▶ _RECORDED INFORMATION_:
=== Section Start ===

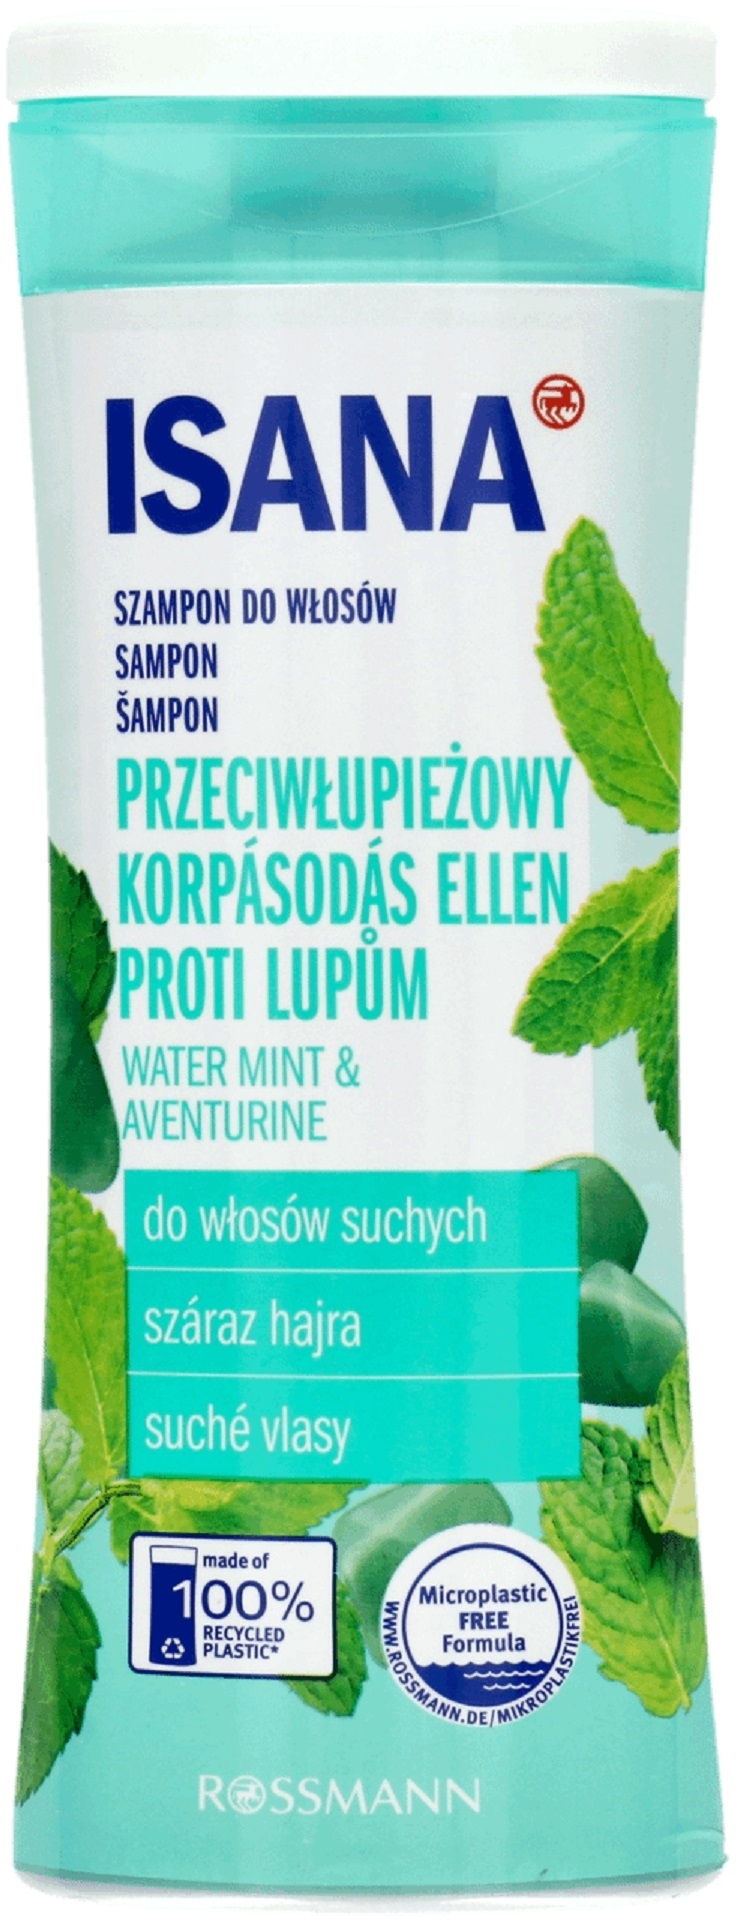 szampon do wlosow isana kwc
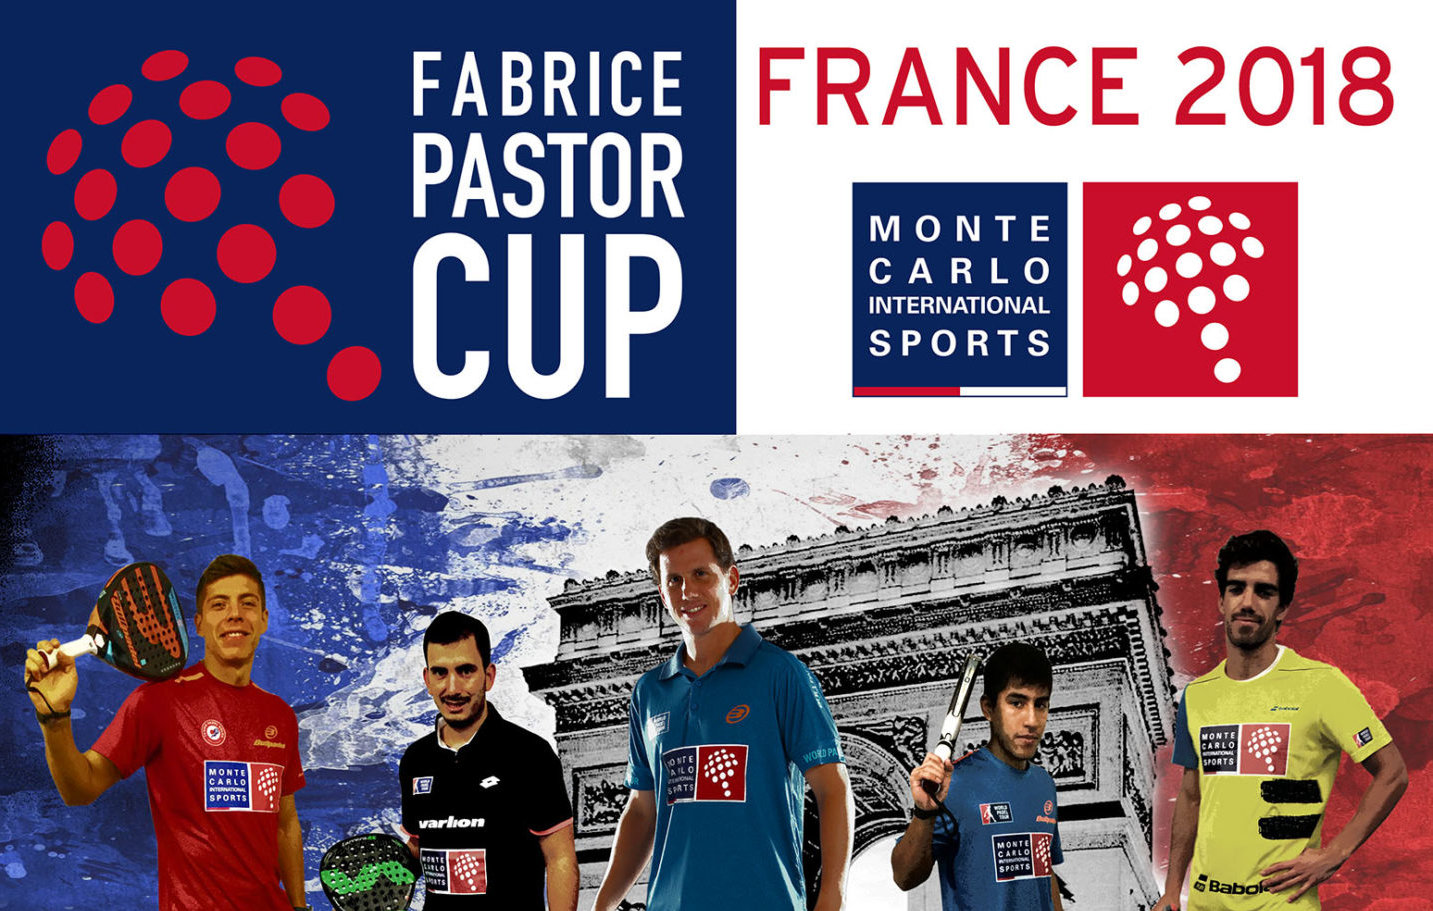 Fabrice Pastor Cupがフランスに到着しました！
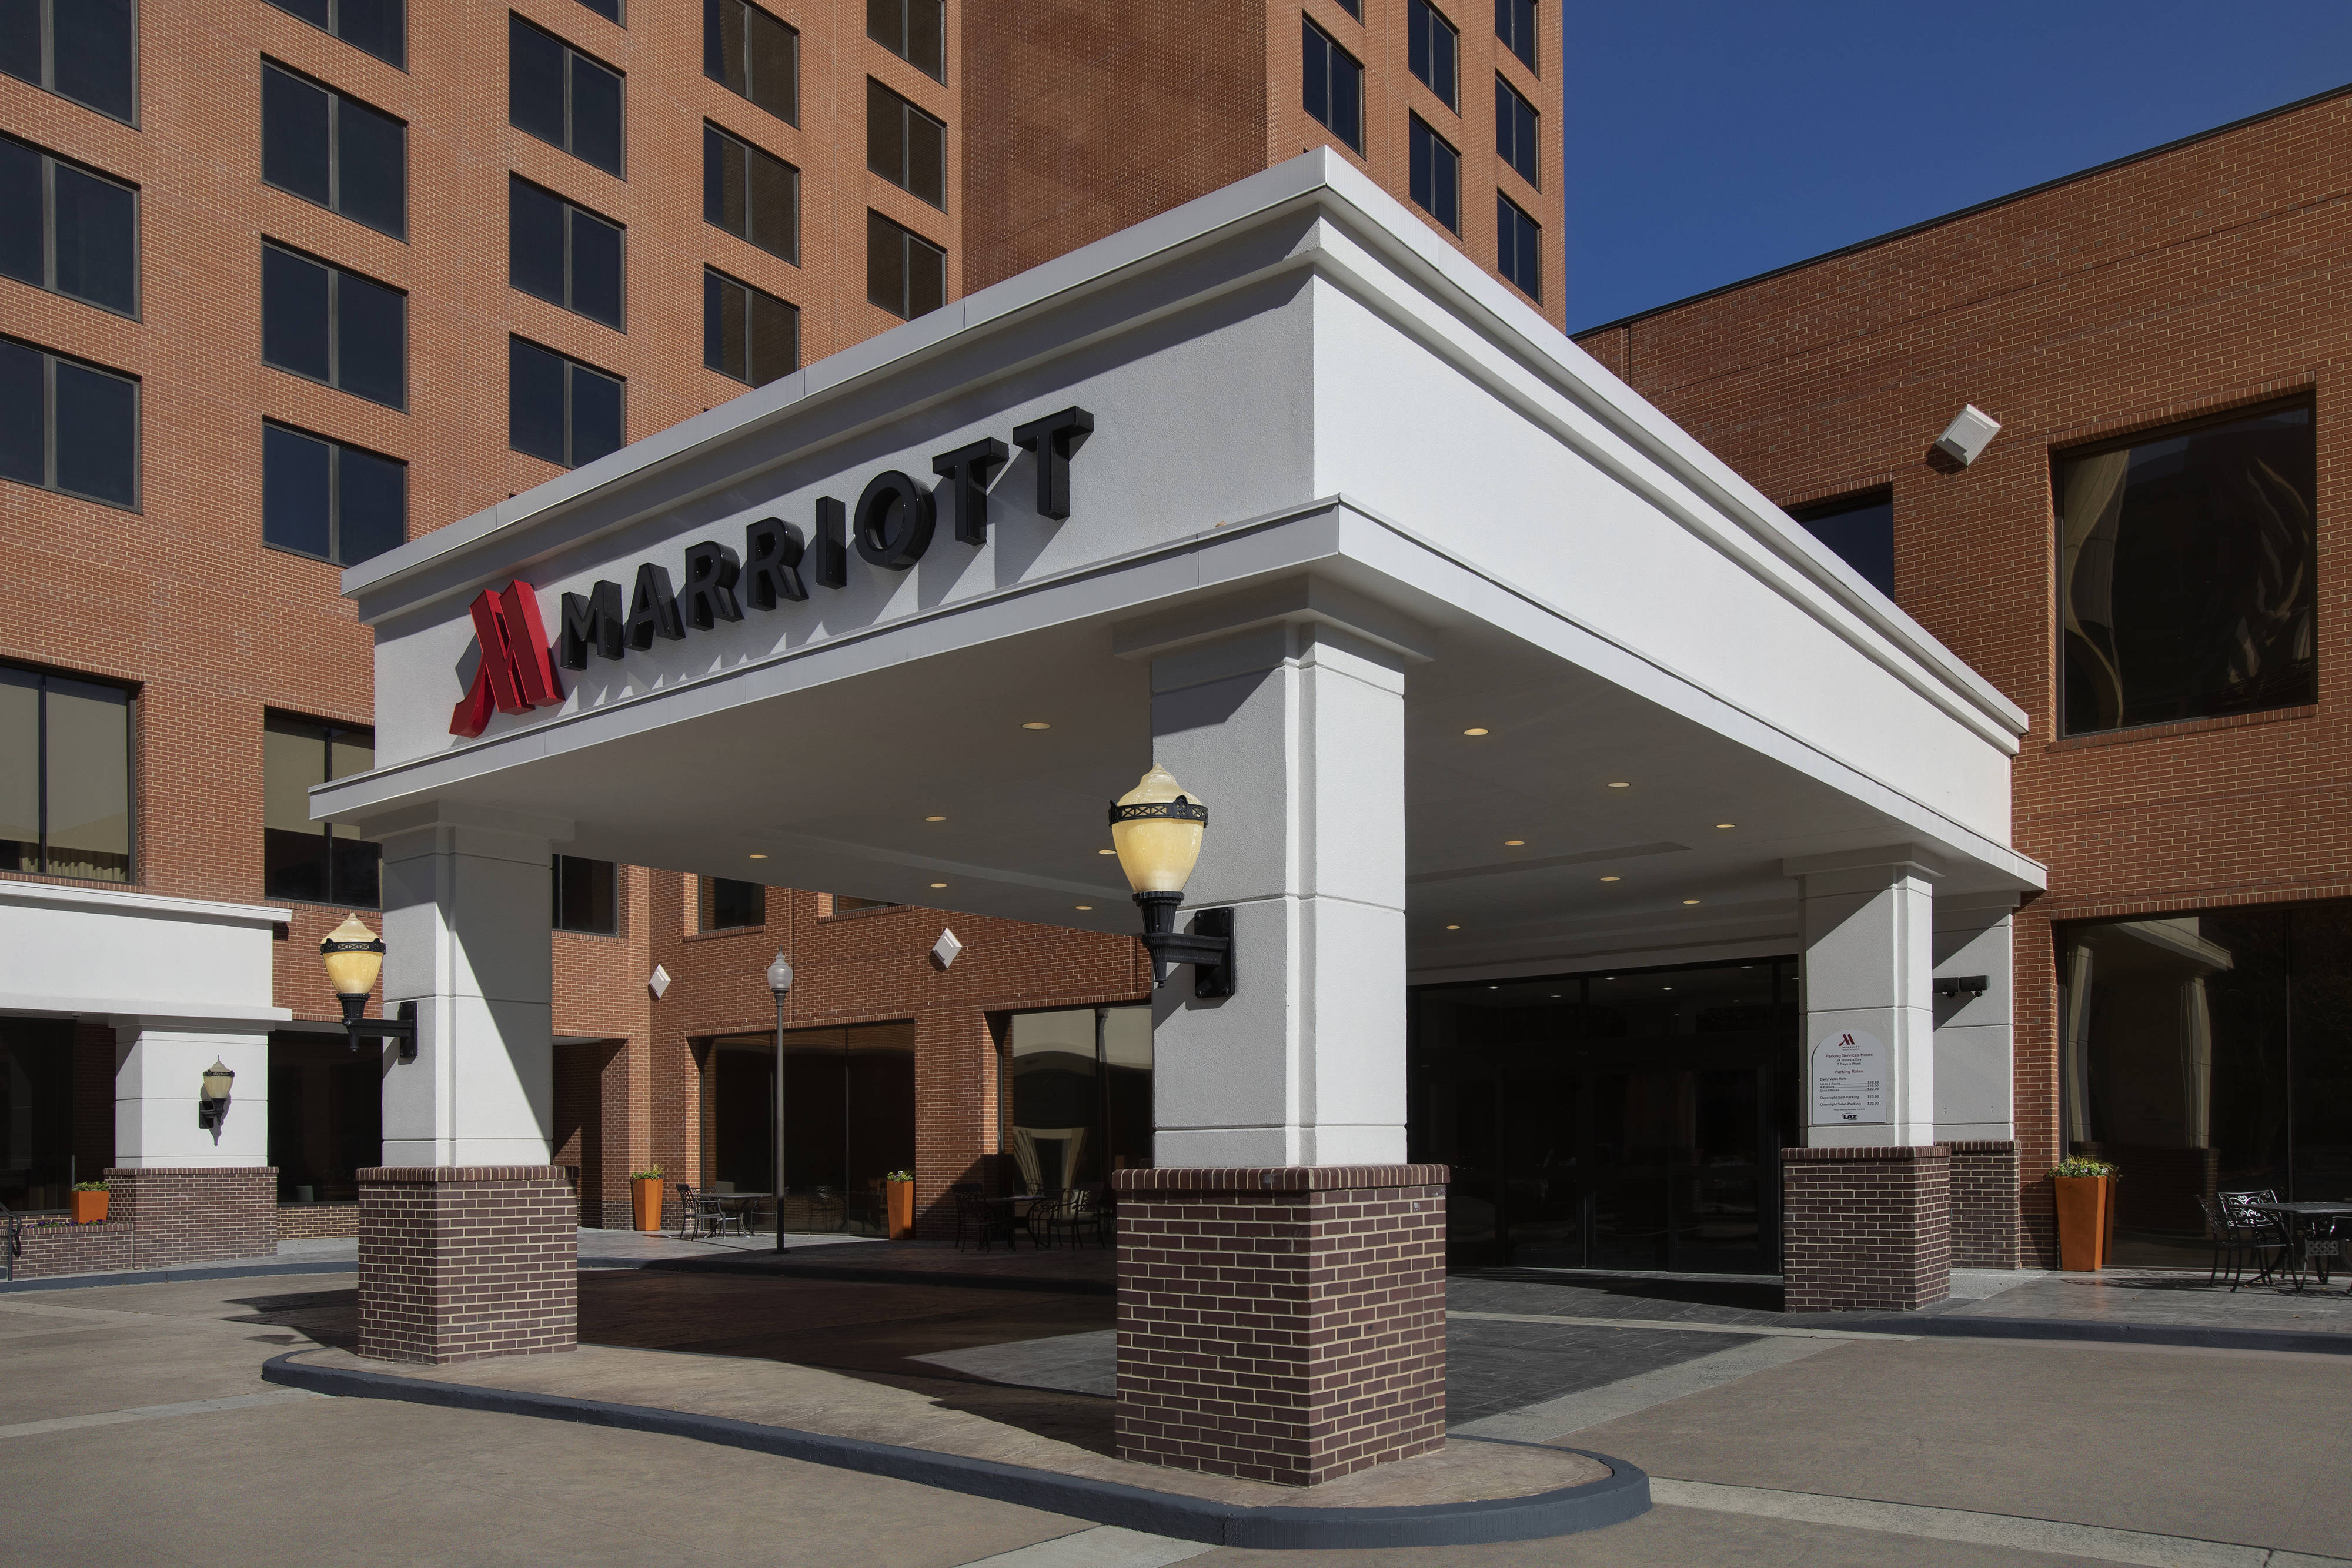 Photo of Marriott Winston-Salem, Winston Salem, NC

=== Section End ===

▶ _TASK DETAILS_: Could you reproduce the data above exactly, without its pictures?

▶ _ANSWER SECTION_:
 szampon do wlosow isana kwc
 Fabrice Pastor Cupがフランスに到着しました！
 Photo of Marriott Winston-Salem, Winston Salem, NC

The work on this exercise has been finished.